This is a simple genetic algorithm that finds a randomly generated string.
Please not that this repository is NOT designed to be a tutorial of any kind. Despite my efforts to make it easy to use, it does require a basic knowledge of how a genetic algorithm works to use this code.
- Run the algorithm.py script from the command line.
- The parameters needed are population size and chromosome size. Ex: python algorithm.py 10 15
Alternatively, you can run the algorithm.py script as a module with the built in IDLE interpreter and run either the Algorithm() method or the Run_Multiple() method.

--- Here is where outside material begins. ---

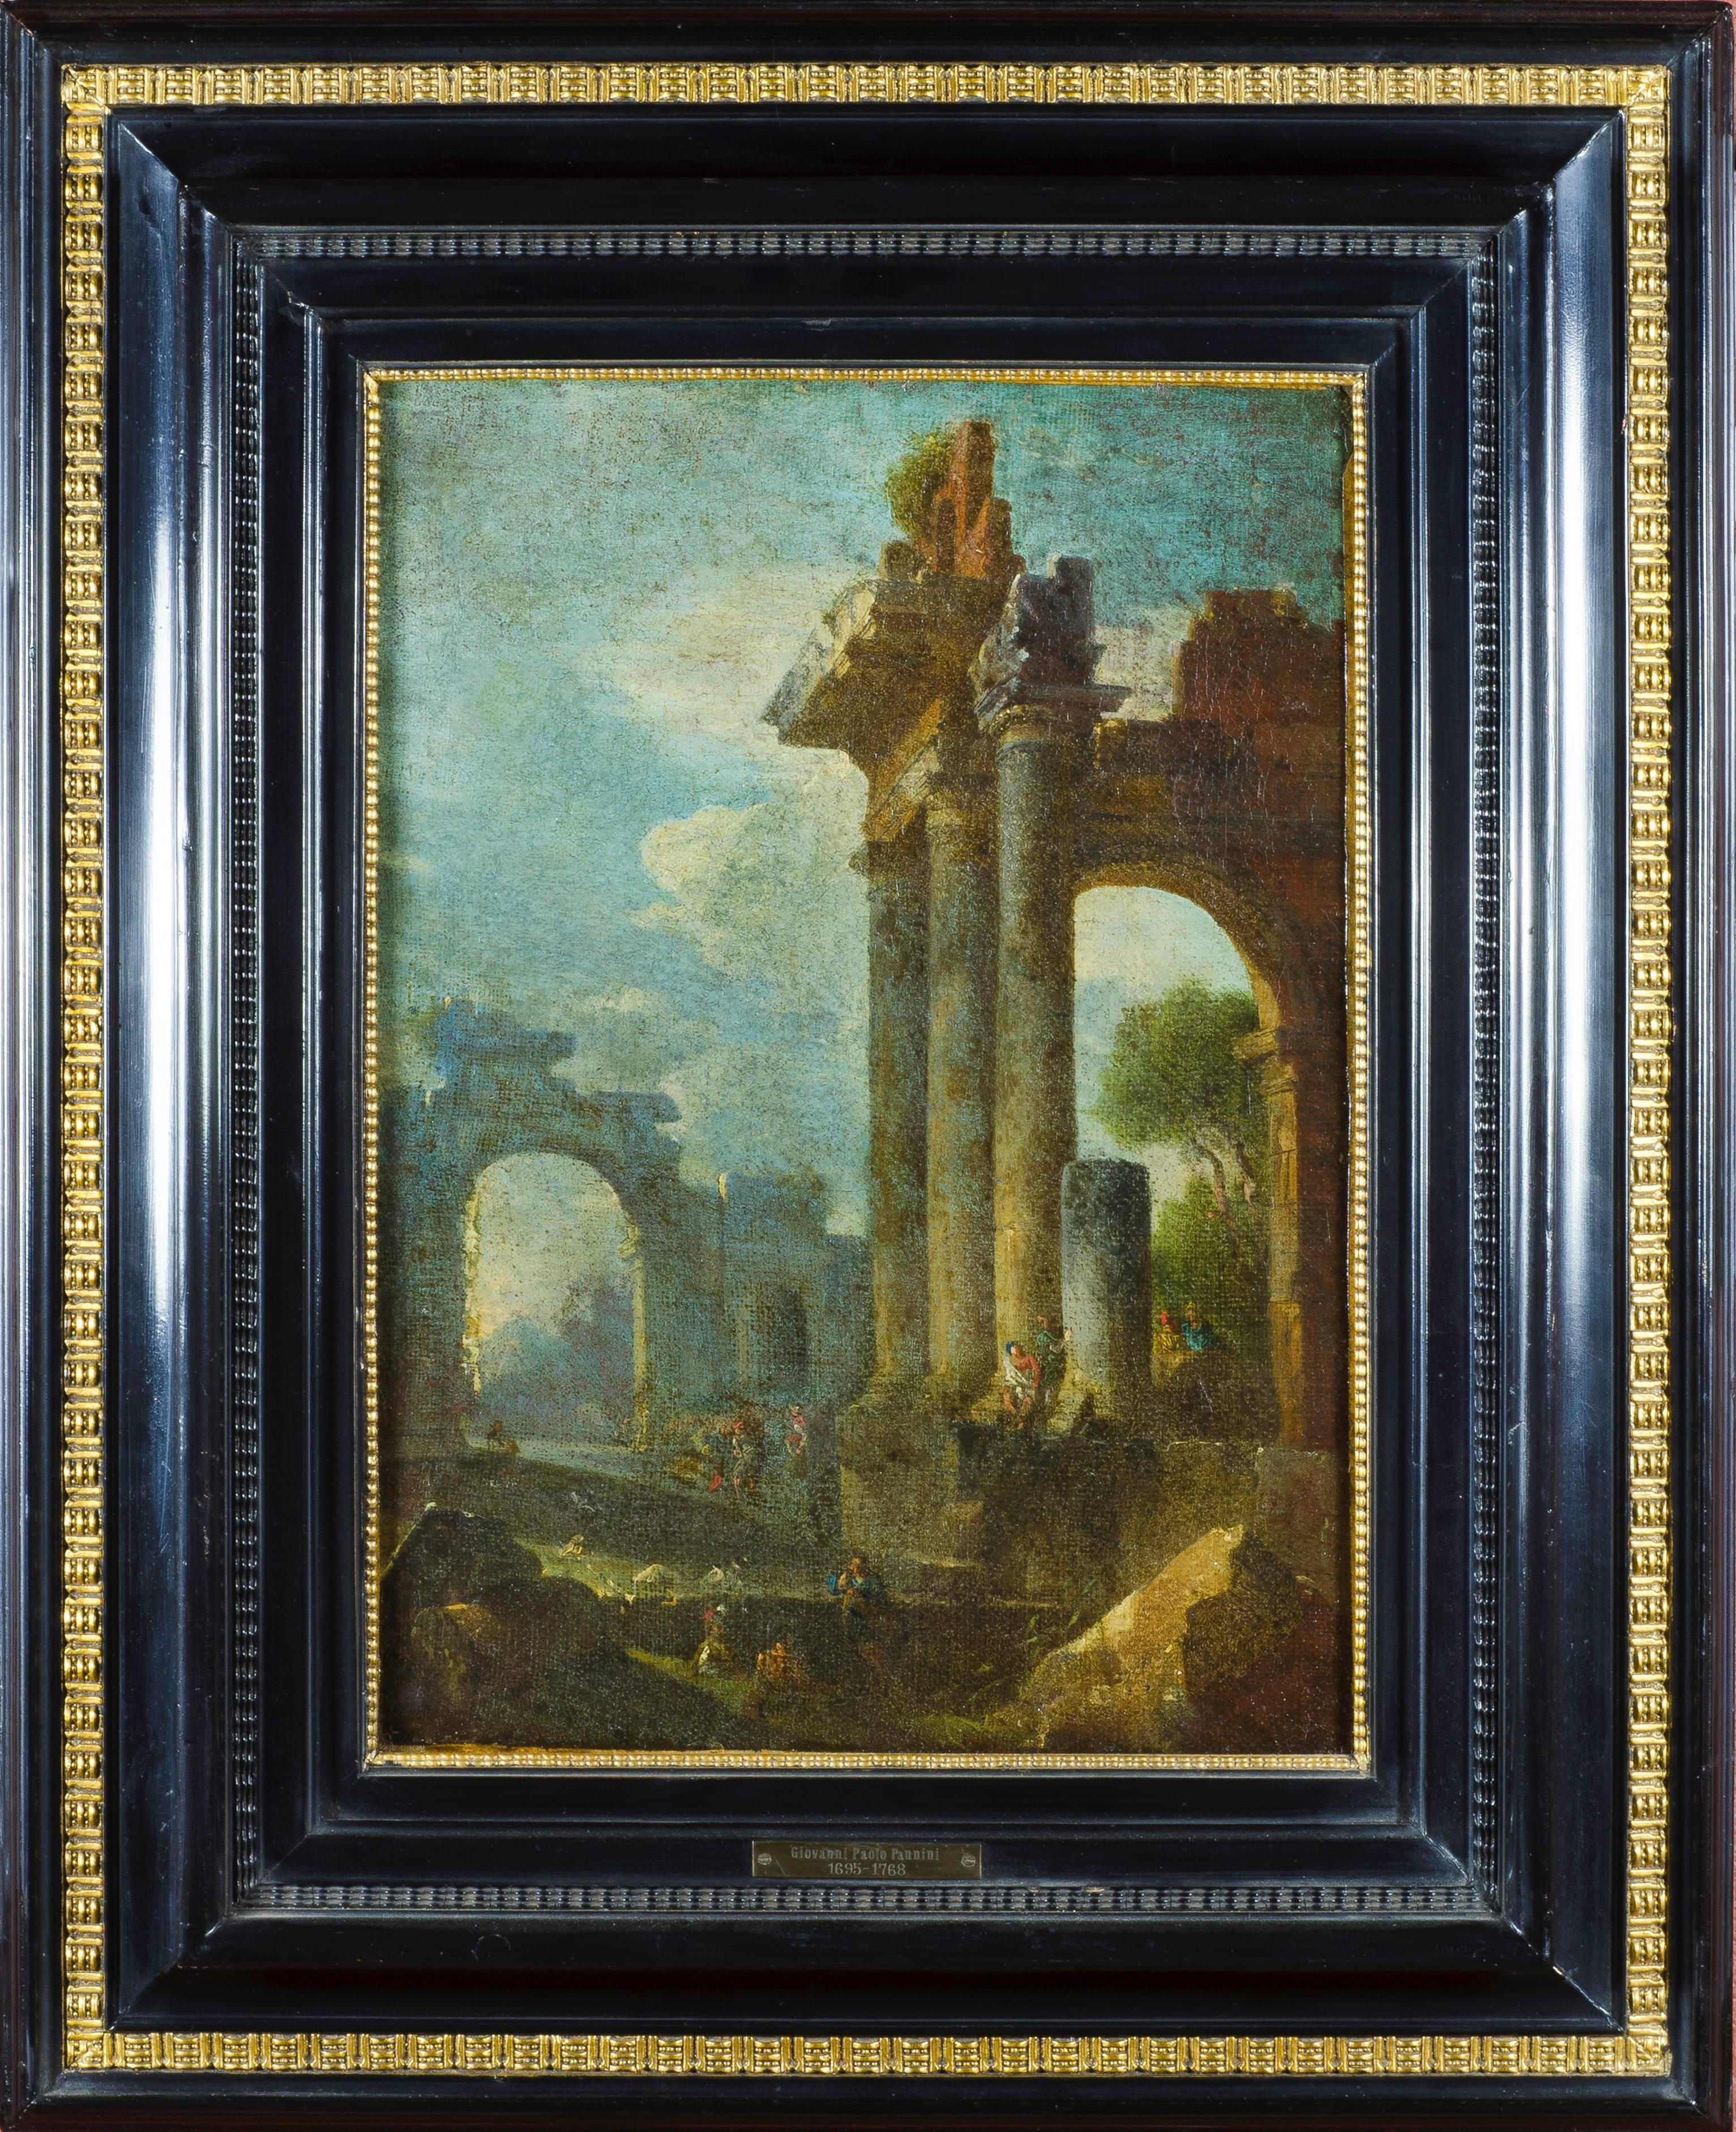 Unknown Landscape Painting - Accomplished 18th C. Roman School Grand Tour Architectural Ruins Painting

Variable names adhere to common python practices of separating words by underscores. Method names start each word with a capital letter with the rest lower case and words are separated by underscores. Variable names are all lower case and words are separated by underscores.
The algorithm function has 2 required parameters and 4 additional optional parameters.
This is the first of the required parameters and represents how many individual chromosomes are in the population. It should be an integer greater than 0.
The second of the required parameters, chrom_size determines the length of each chromosome, or string, in the population. It also determines the length of the "answer." The chrom_size parameter should be an integer greater than 0.
mutation_rate is the first of the optional parameters. It can be a float or an integer between 0 and 100 inclusive. The defualt value for this parameter is 100. The mutation_rate parameter represents a percentage of each population that gets mutated each generation.
This is the second optional parameter that determines a percentage of the previous population that is retained to the next generation. graded_retain_percent takes its individuals from the highest scoring of the population. It should be float between 0 and 1 inclusive with the default value being 0.3.
The third optional parameter, nongraded_retain_percent, also determines how much of the previous population is retained to the next generation. This parameter chooses a random set of indivuals from the ones not chosen by graded_retain_percent. Like graded_retain_percent, it should be a float between 0 and 1 inclusive. It defaults to 0.2.
This is the fourth optional parameter. It determines how much variation is included with each mutation. For instance, given a mutation_amount of 1, each chromosome chosen to mutate will have 1 character changed to a random character. The value of mutation_amount should be an integer ranging from 1 to chrom_size. The default value is 1.
Run_Multiple() is an alternative way to run the Algorithm() function. It purely runs the function a specified number of times. This amount is determined by the first parameter in Run_Multiple(). All other parameters get directly passed to Algorithm(). The variable "times" should be an integer greater than 1.